SEMARANG — Perekonomian Jawa Tengah pada triwulan I 2026 tumbuh 5,89 persen secara tahunan (year on year/yoy), melampaui laju ekonomi nasional yang tercatat 5,61 persen. Kepala Kantor Perwakilan Bank Indonesia Provinsi Jawa Tengah M. Noor Nugroho mengungkapkan konsumsi rumah tangga dan investasi menjadi motor utama pertumbuhan. Momentum Ramadan dan Idulfitri mendorong mobilitas masyarakat sehingga konsumsi rumah tangga tetap menjadi sumber pertumbuhan utama.
Konsumsi Rumah Tangga dan Investasi Tumbuh Signifikan
Konsumsi rumah tangga tumbuh 5,08 persen (yoy), sementara investasi melonjak hingga 9,61 persen (yoy). Kinerja investasi didukung pembangunan pabrik di kawasan industri, proyek strategis pemerintah, serta pertumbuhan konsumsi pemerintah yang mencapai 19,36 persen seiring percepatan pembangunan infrastruktur menjelang arus mudik Lebaran.

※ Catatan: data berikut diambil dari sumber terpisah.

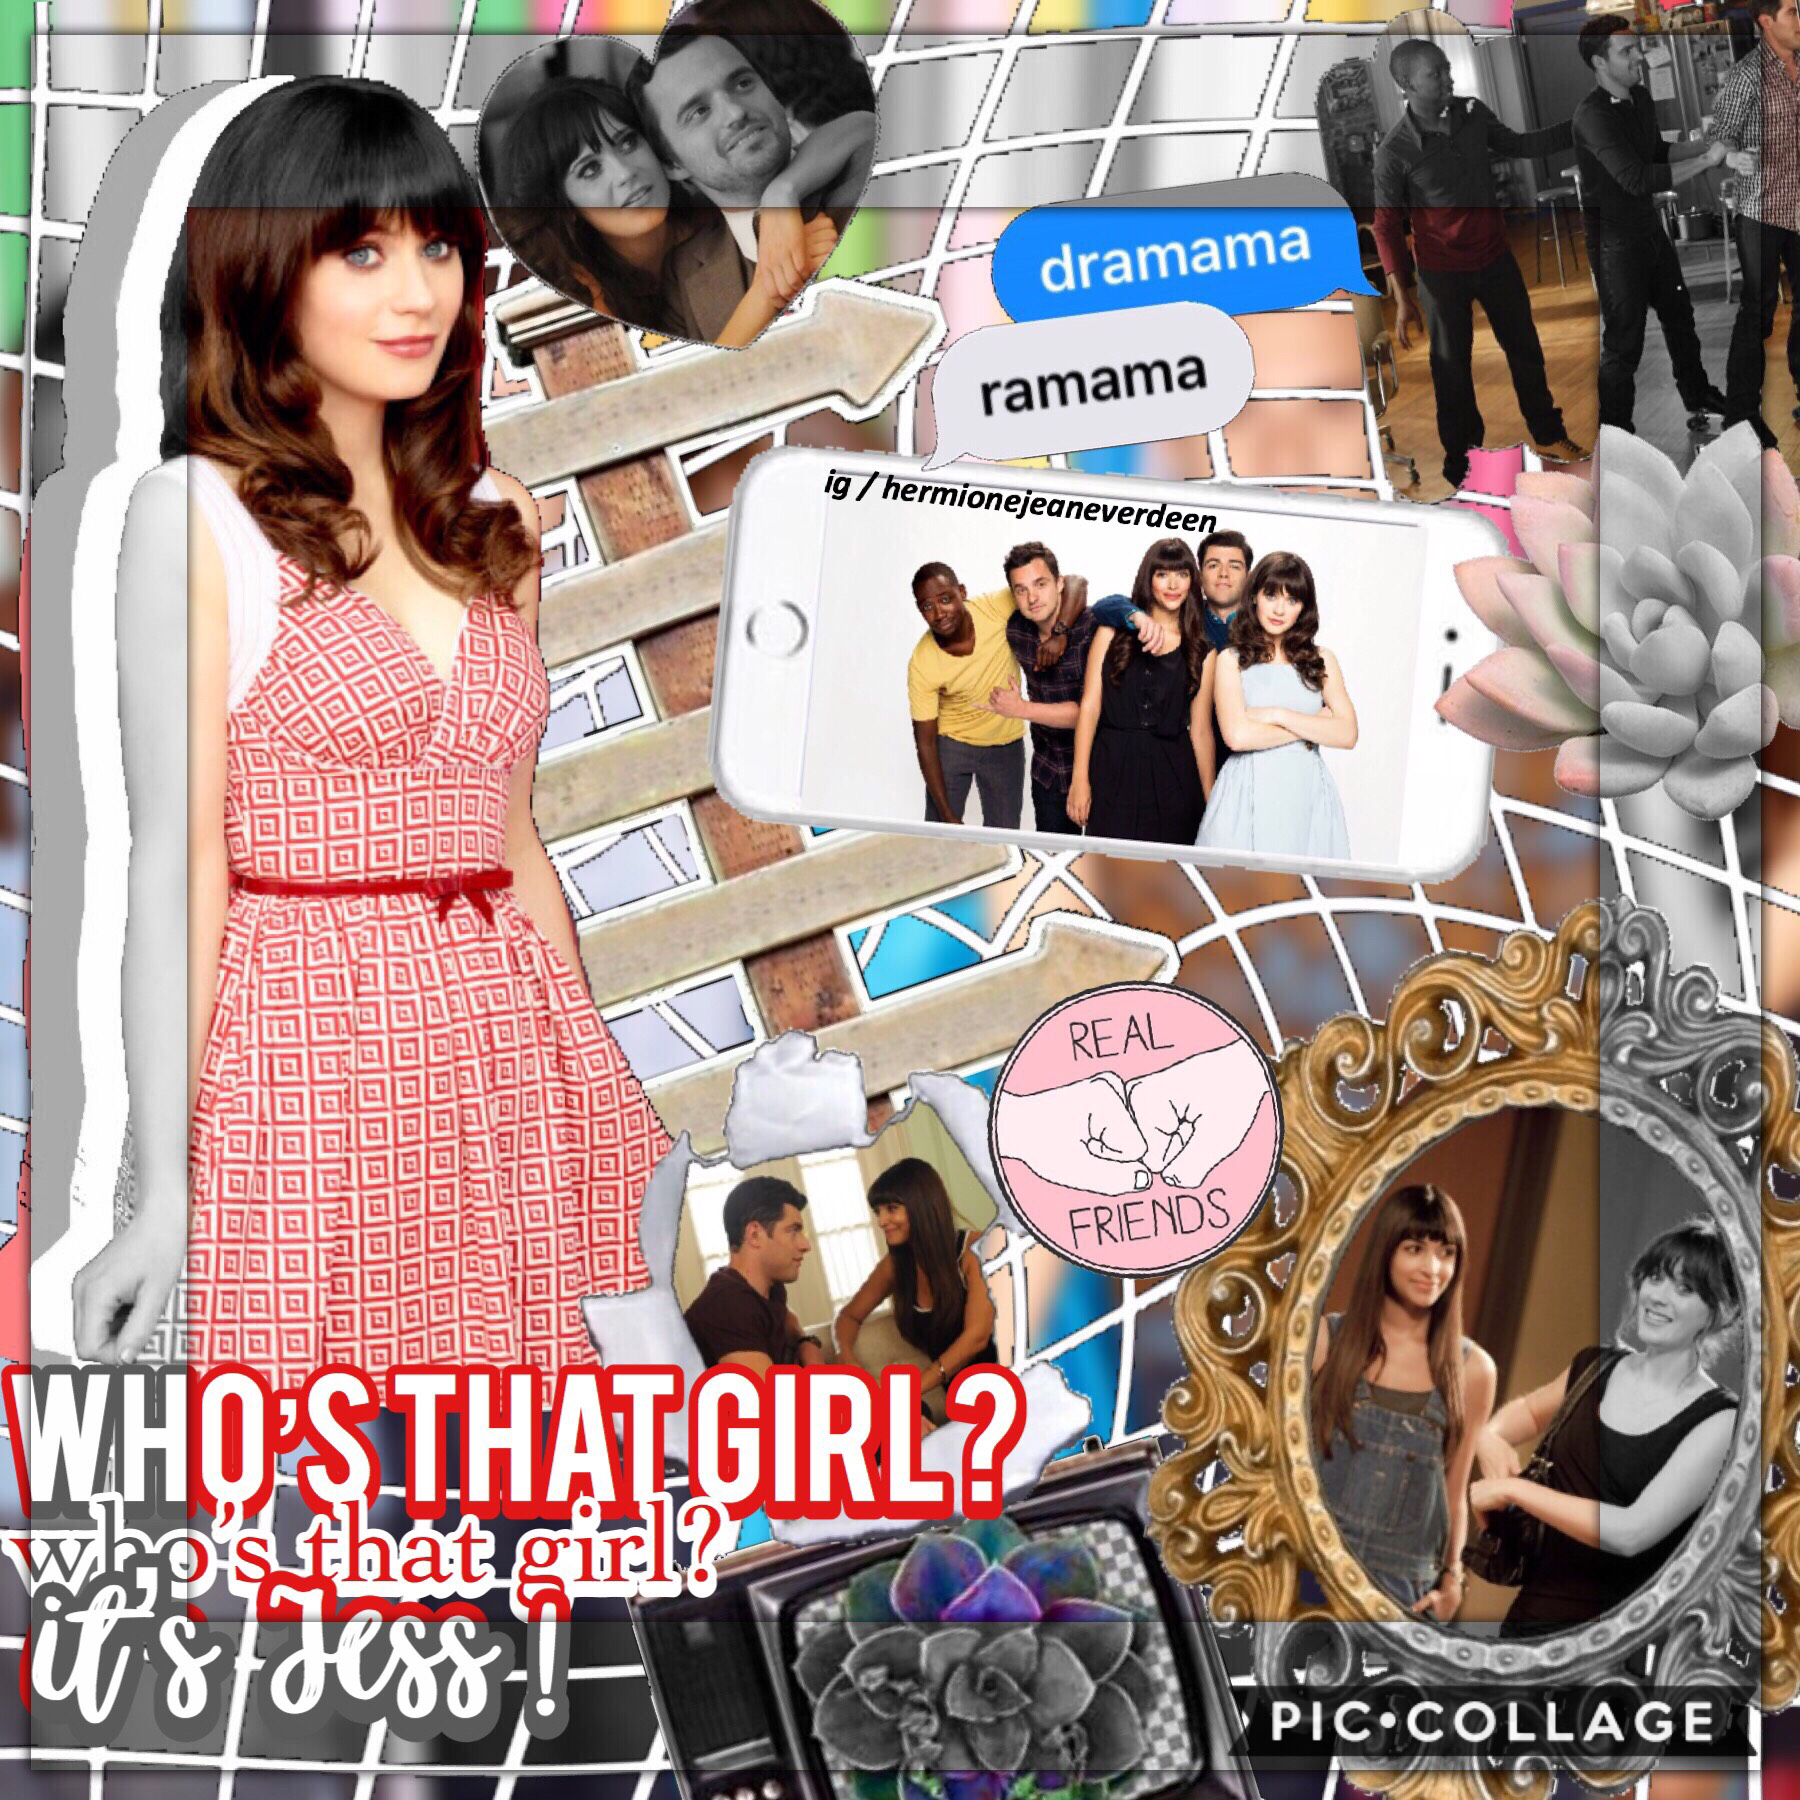 tap
my first New Girl edit! New Girl is a really funny show with a great storyline, I highly recommend it! there are 6 seasons on Netflix and the second half of the 6th season is airing soon(I think)

Sektor Konstruksi dan Akomodasi Jadi Primadona
Dari sisi lapangan usaha, sektor konstruksi menjadi penyumbang pertumbuhan tertinggi dengan kenaikan 11,91 persen (yoy). Sektor penyediaan akomodasi dan makan minum tumbuh 14,14 persen (yoy), didorong meningkatnya okupansi hotel dan aktivitas pariwisata selama Ramadan dan Idulfitri.

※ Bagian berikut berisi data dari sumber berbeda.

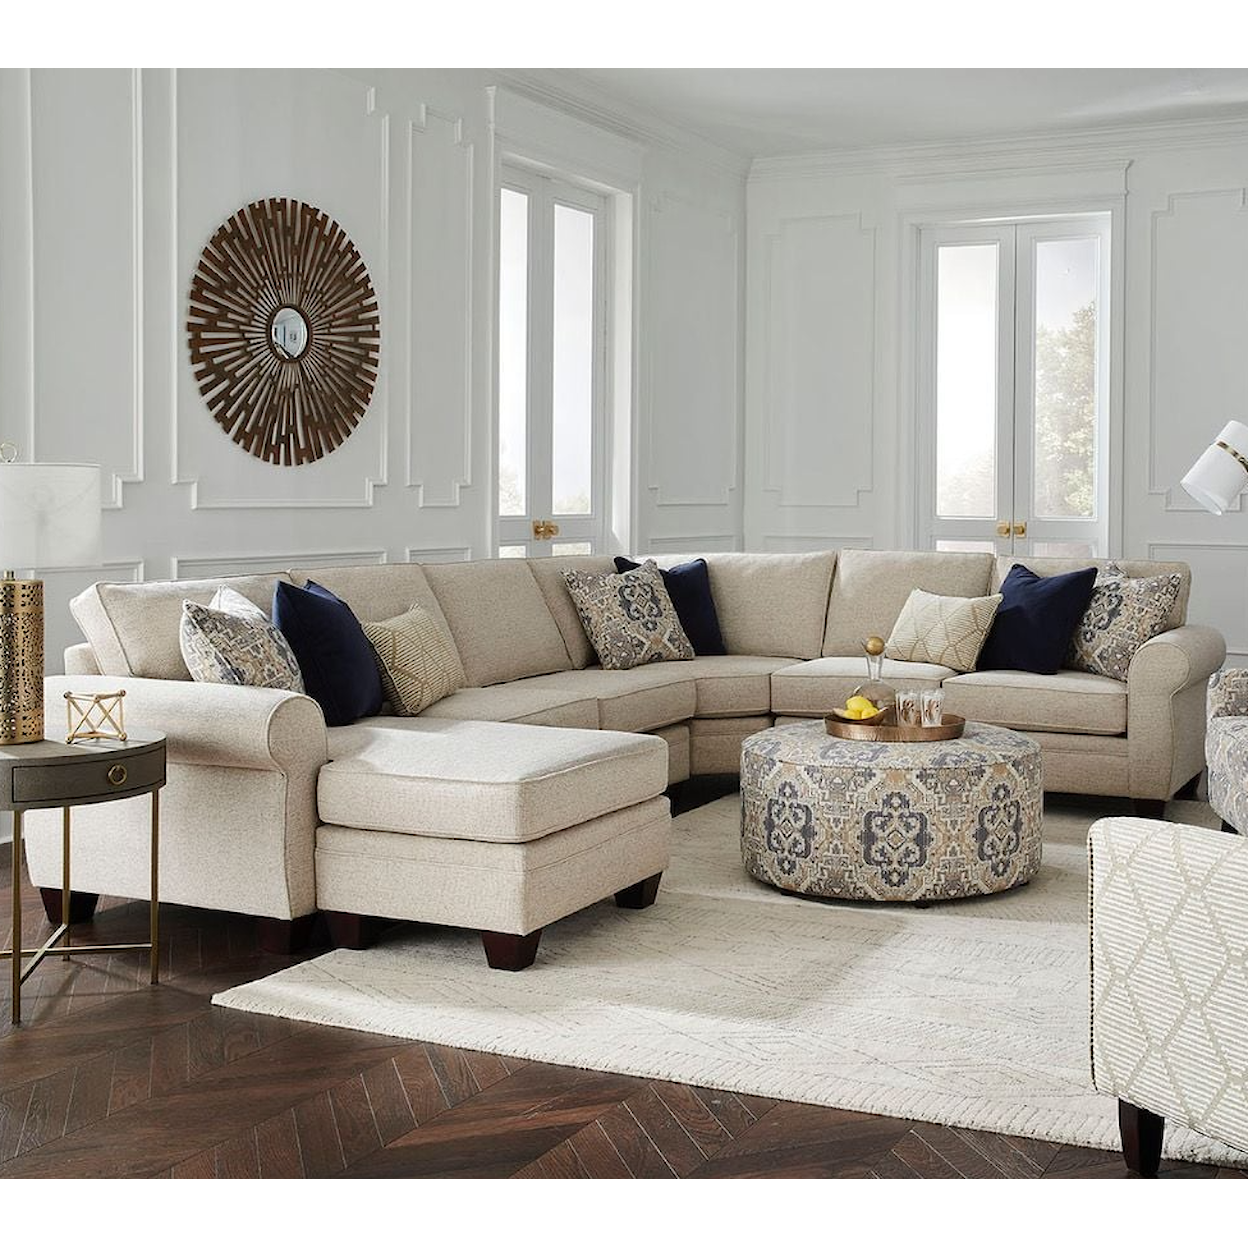 VFM Signature 1170 PLUMLEY BISQUE Sectional with Left Chaise

Sektor industri pengolahan tetap tumbuh positif sebesar 4,04 persen (yoy), meski melambat dibanding triwulan sebelumnya. Adapun sektor perdagangan masih mampu tumbuh 5,22 persen (yoy) berkat daya beli masyarakat yang tetap terjaga.
Inflasi Terjaga, Kredit UMKM Mulai Membaik
Pada sisi harga, inflasi Jawa Tengah meningkat dibanding triwulan sebelumnya. Kenaikan terutama dipengaruhi normalisasi tarif listrik setelah berakhirnya program diskon, serta naiknya harga emas dunia yang mendorong inflasi kelompok perawatan pribadi dan jasa lainnya.
Di sektor keuangan, penyaluran kredit perbankan menunjukkan perbaikan meski masih terkontraksi 0,63 persen (yoy) menjadi Rp385,82 triliun. Kredit UMKM juga membaik dengan kontraksi menyempit menjadi 2,11 persen (yoy), sementara kredit konsumsi rumah tangga tetap tumbuh positif sebesar 4,43 persen (yoy).
Merchant QRIS Tembus 2,1 Juta, Pengangguran Turun
Digitalisasi sistem pembayaran terus berkembang. Jumlah merchant QRIS di Jawa Tengah telah menembus lebih dari 2,1 juta, seiring meningkatnya penggunaan pembayaran digital oleh masyarakat.
Kinerja ketenagakerjaan juga membaik dengan tingkat pengangguran terbuka turun dari 4,33 persen pada Februari 2025 menjadi 4,24 persen pada Februari 2026. Indeks penghasilan dan indeks ketersediaan lapangan kerja turut berada pada level optimistis.
Prospek 2026: Masih Kuat dengan Risiko Global
Ke depan, Bank Indonesia memperkirakan ekonomi Jawa Tengah sepanjang 2026 tetap tumbuh kuat. Pertumbuhan akan ditopang konsumsi rumah tangga, investasi, industri pengolahan, konstruksi, pertanian, serta sektor akomodasi dan makan minum yang dinilai berpotensi menjadi sumber pertumbuhan baru.
Inflasi sepanjang 2026 diperkirakan tetap berada dalam sasaran 2,5±1 persen (yoy). Meski demikian, risiko kenaikan harga masih dipengaruhi konflik geopolitik global, fluktuasi harga emas, potensi gangguan pasokan energi, hingga dampak perubahan iklim terhadap produksi pertanian.